Registration of securities issued in business combination transactions

Material Events During the Reporting Period

v3.22.2.2
Material Events During the Reporting Period
6 Months Ended
Jun. 30, 2022
Material Events During The Reporting Period Abstract  
Material Events during the Reporting Period

NOTE 4: Material Events during the Reporting Period

a.      On May 10, 2022, the Company received a letter from a government body in the United Arab Emirates informing the Company of its intention to purchase two of the Company’s systems during the current year, and that $2 million was allocated for the purchase. As stated in the letter, the parties will remain in contact until the procedures required by the governmental body in the United Arab Emirates to carry out the purchase are completed. It is noted that as of the approval date of the report, the order had not yet been placed.
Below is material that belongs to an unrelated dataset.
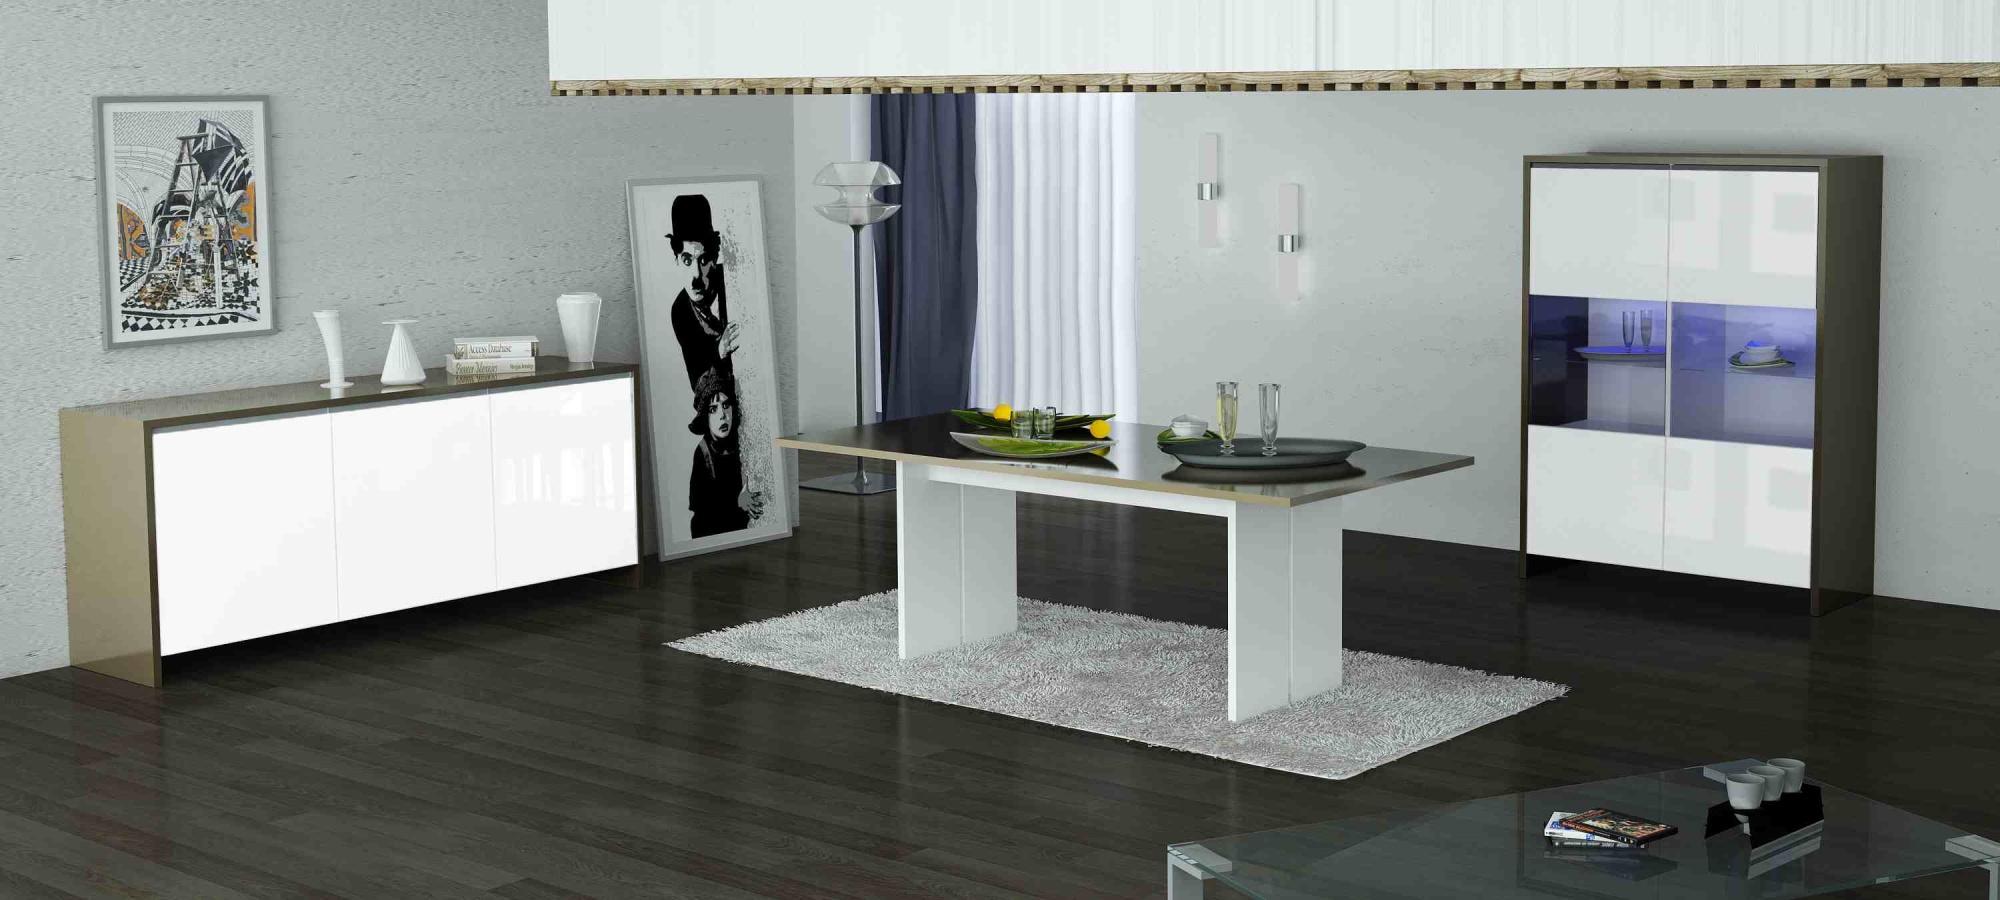 table de salle manger design laqu e blanche cappuccino kalie. Black Bedroom Furniture Sets. Home Design Ideas

b.      Share-based compensation:

1.      In February 2022, the Company granted Mr. Moshe Maor, an independent director of the Company, 66,340 options to purchase 66,340 ordinary shares of NIS 0.01 par value each of the Company, in accordance with the Company’s Israeli options plan. Each of the options will be exercisable to a Company share, subject to its vesting, during the exercise period in exchange for an exercise price, not linked, of NIS 7.07 per share for four years from the commencement date of the vesting period. The options will vest over three years. The valuation of the option price was based on the market value of the Company using the Black and Scholes model as of the grant date. The fair value of all the options granted, as of the grant date, is NIS 104,389.

2.      In June 2022, the Company granted an employee of the Company 30,000 options to purchase ordinary shares of NIS 0.01 par value shares of the Company, in accordance with the Company’s Israeli options plan. Each of the options will be exercisable to a Company share, subject to its vesting, during the exercise period in exchange for an exercise price, not linked, of NIS 0.28 per share for ten years from the grant date of the options, or termination of the contract between the Company and the employee, the earlier of which. All the options vested in one tranche on June 16, 2022. The valuation of the option price was based on the market value of the Company using the Black and Scholes model as of the grant date. The fair value of all the options granted, as of the grant date, is NIS 64,889.

c.      Related party disclosers:

On May 19, 2022, the Company entered into a loan agreement (the “Agreement”) with the OurCrowd Group, an related party in the Company (the “Lender”), according to which the Lender will provide the Company, upon signing the agreement, with a loan of USD 1.1 million dollars (the “Loan Principal”), at an annual interest of 6% (the “Interest”). The principal will be repaid in one lump sum on May 19, 2027 or within 30 business days from the date on which the Company will raise capital, either in one round or in several rounds, totaling together USD 2 million dollars or more (“Round”), whichever comes first (“Maturity Date”). The interest will be paid annually on December 31 of each calendar year for the past year or part of it, as the case may be, or on the Maturity Date as defined above, or on an early maturity date, as stated below. It is clarified that the loan and/or any other loan taken by the Company will not be counted for the purpose of calculating the cumulative total capital raised.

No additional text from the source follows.